ASML's own defense filings confirm the logic. The company's Washington-distributed document "No indication of any ASML EUV System in China" explicitly denies shipping "any component, module or equipment specially designed to be used in an EUV machine," language that mirrors the regulatory standard. CEO Christophe Fouquet has described an internal firewall: employees cleared for EUV technology, documentation, and training are walled off from those who are not, and ASML's China-based staff sit on the wrong side of that wall by design. The workforce that touches High-NA cannot be in China. It cannot easily be in any jurisdiction where U.S. or Dutch licensing authorities might slow, condition, or deny the "deemed export" of controlled technology to a foreign national.
Taiwan occupies a different legal tier. It is a Wassenaar Arrangement participating state and a partner the Dutch government treats as aligned under the EU Dual-Use Regulation. High-NA source engineers, optical metrology physicists, and applications scientists can be stationed in Linkou, receive the full EUV technology package, and support TSMC's 2nm/1.4nm ramp without triggering a deemed-export license for every knowledge transfer. The same personnel in Arizona would require individual license reviews for any non-U.S.-person on the team; in Germany, Dutch export-license amendments would gate every High-NA module shipment and training cycle. Taiwan is the only advanced-node ecosystem where the clearance is effectively pre-granted.

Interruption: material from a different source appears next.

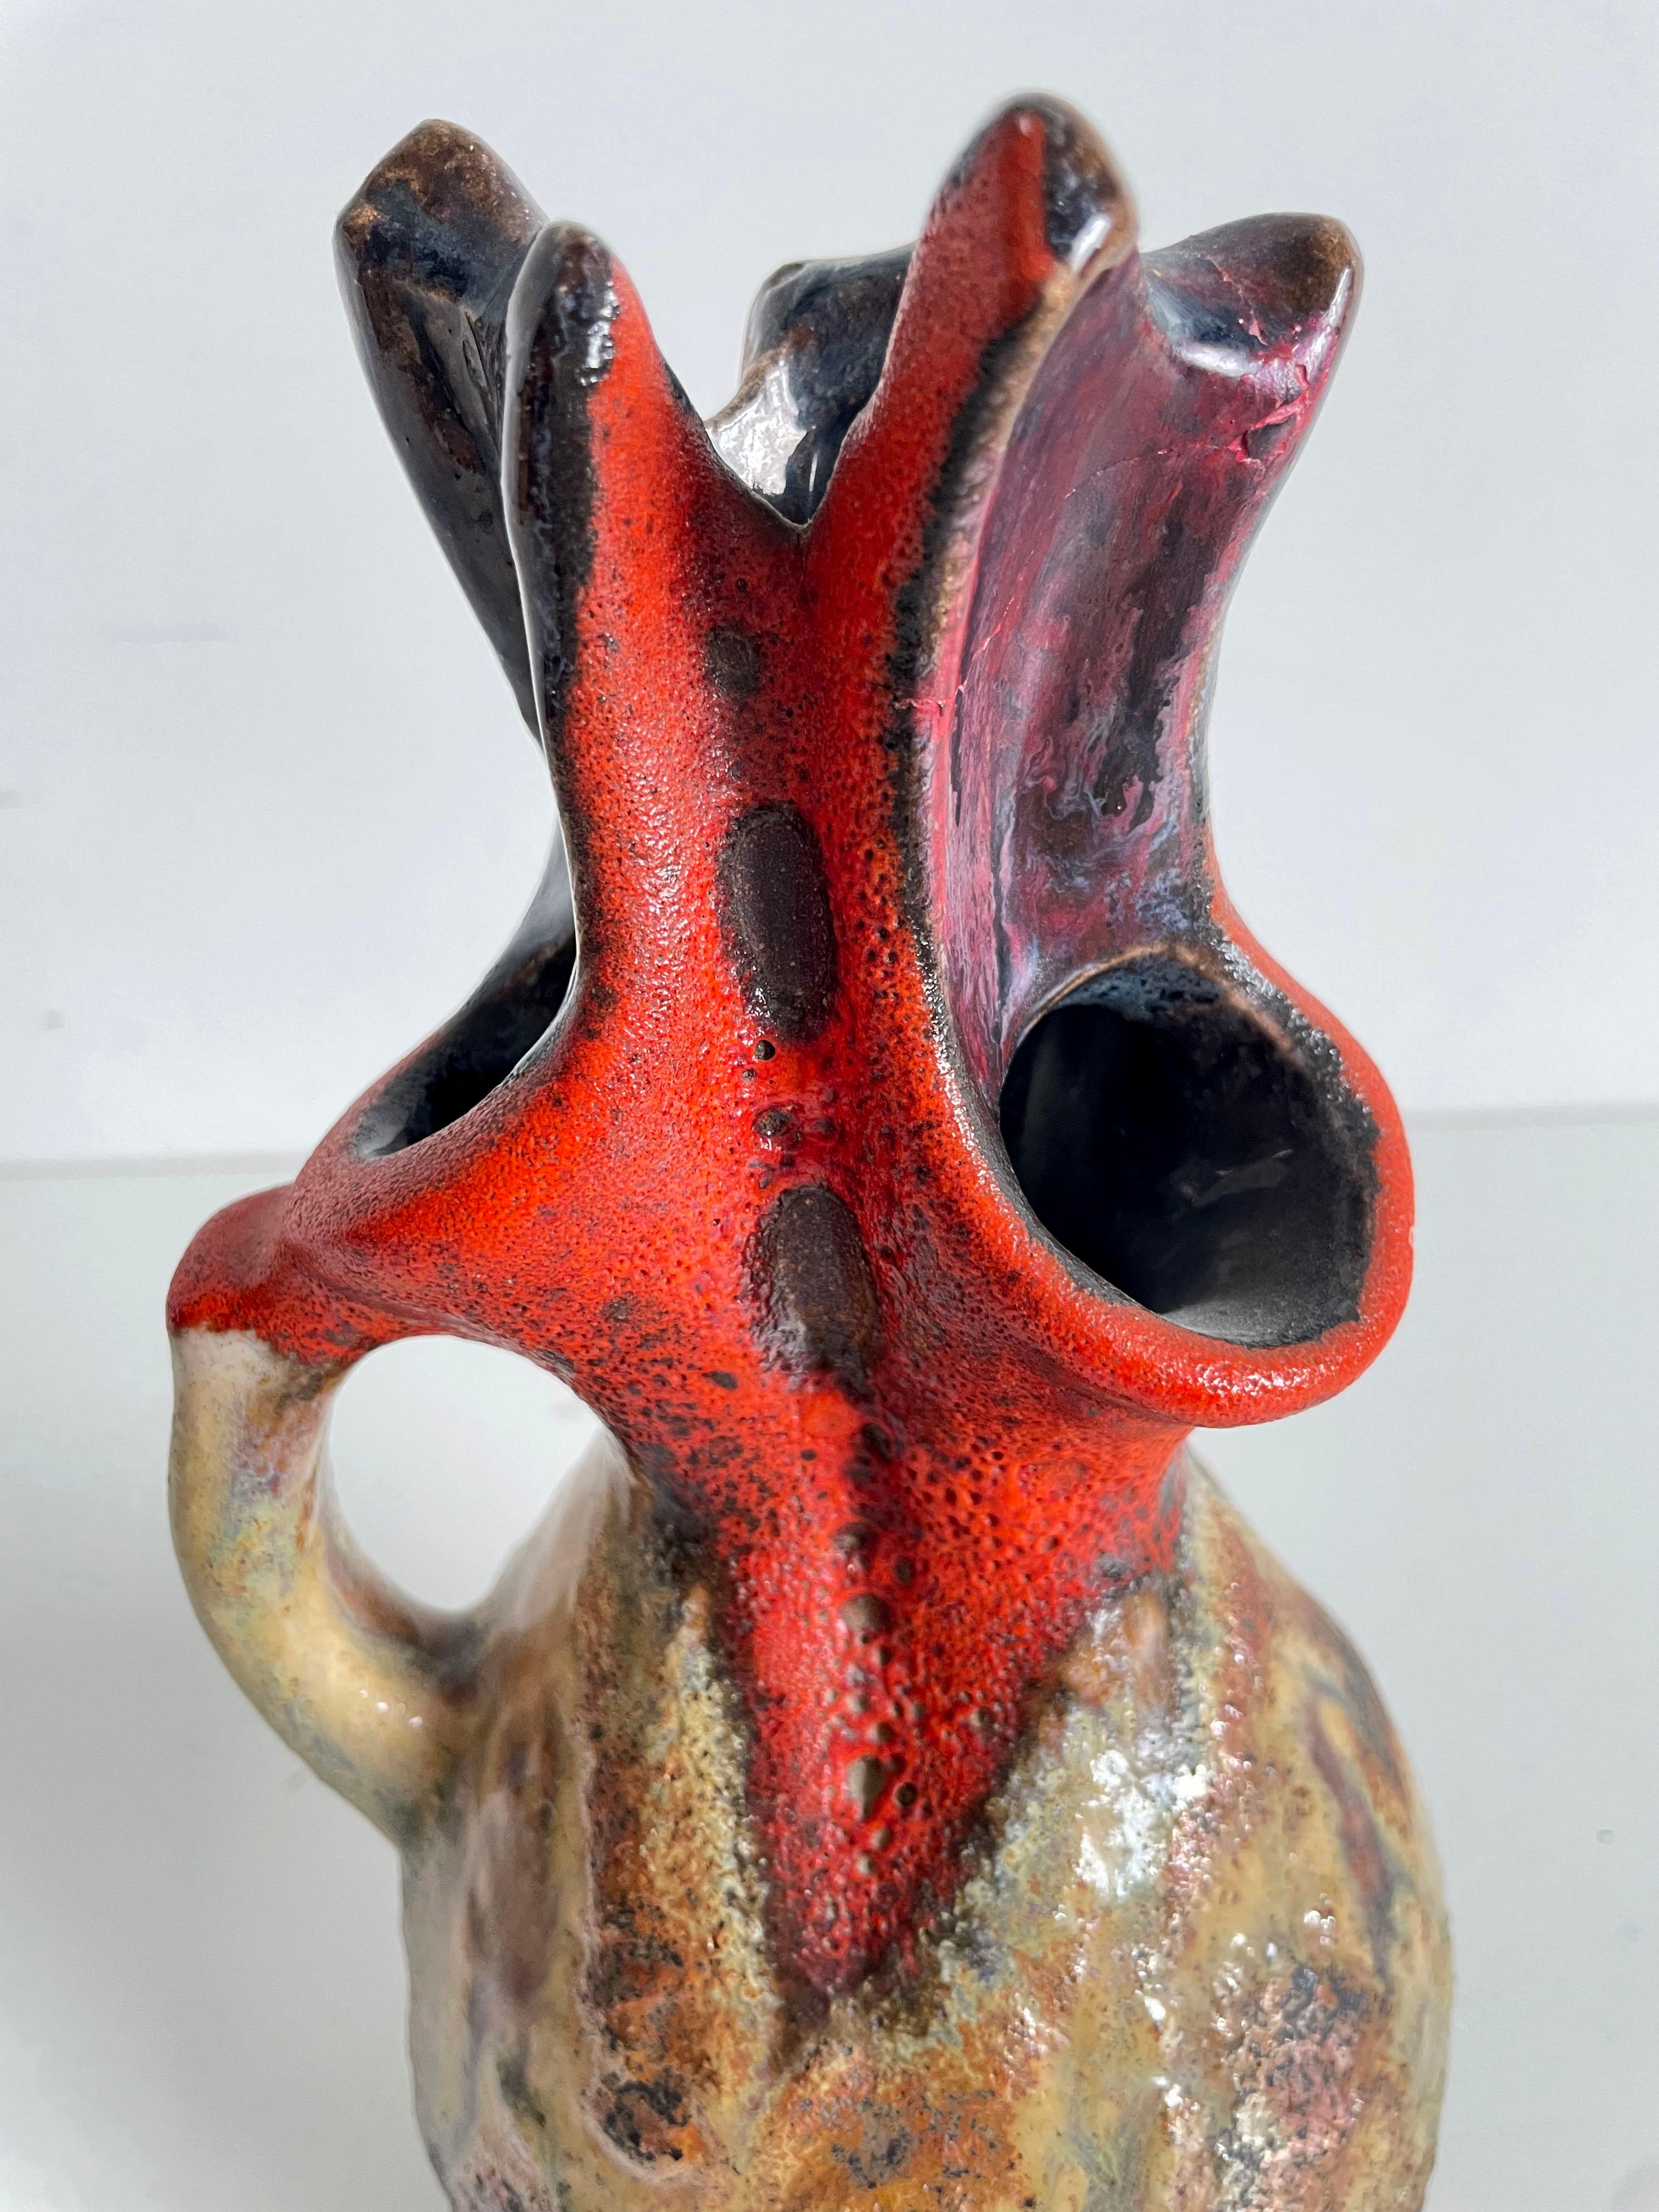 Rare vase de forme organique en forme de pichet en lave grasse Walter Design/One  avec les belles couleurs Brun-Beige et Rouge, numéro de formulaire 200-26, Allemagne de l'Ouest 1970.

Le vase est en excellent état et pèse 1,2 kg.

Pressure only sharpens the incentive. The bipartisan MATCH Act, which cleared the House Foreign Affairs Committee in April 2026, would ban all remaining DUV immersion shipments to China — the roughly 20% of ASML revenue the company still counts on — and force allies to harmonize controls within 150 days under threat of FDPR expansion. The Dutch government has pushed back publicly, but the legislative vector is clear: tighter, not looser. Every escalation makes a Taiwan-colocated, fully cleared High-NA workforce more valuable, not less. ASML's $330 million Linkou bet is not a hedge against export controls. It is the operational answer to them.
Building the Pipeline In-House
ASML is not waiting for the talent market to deliver High-NA EUV engineers. It is building them.
The clearest signal is the LEAP program — Leadership Excellence and Accelerate Program — co-developed with National Taiwan University's SEED for ASML's Customer Support sector across Taiwan and Southeast Asia. Lawrence Thong, Vice President and Head of ASML Taiwan and Southeast Asia Field Operations, called it a "strategic milestone" blending "rigorous academic insight and practical relevance" to equip leaders for "complex, fast-evolving environments." The program targets mid-career engineers already inside ASML, converting field-support experience into the strategic and technical depth High-NA demands.
Parallel to internal development, ASML is recruiting at the source. In spring 2026, the company ran campus job fairs at NTU, NTHU, NCKU, and NTUST, with on-site interviews at NTU and NTUST. Kevin C.S. Wu, an ASML recruiter, framed it bluntly: "With strong growth momentum in Taiwan, ASML is hitting the road." The fairs target optical engineers, source engineers, and applications physicists, roles that did not exist in the legacy EUV support model.
The curriculum template exists. ASML's first dedicated High-NA EUV training center opened in Phoenix, designed to train over 1,000 engineers annually on the EXE:5000 platform for Intel, Samsung, and TSMC Arizona. Linkou will need an equivalent capability, because the EXE:5200 tools shipping to TSMC's Fab 18/20 cluster will run 24/7 on the world's most aggressive process roadmap. There is no margin for on-the-job learning.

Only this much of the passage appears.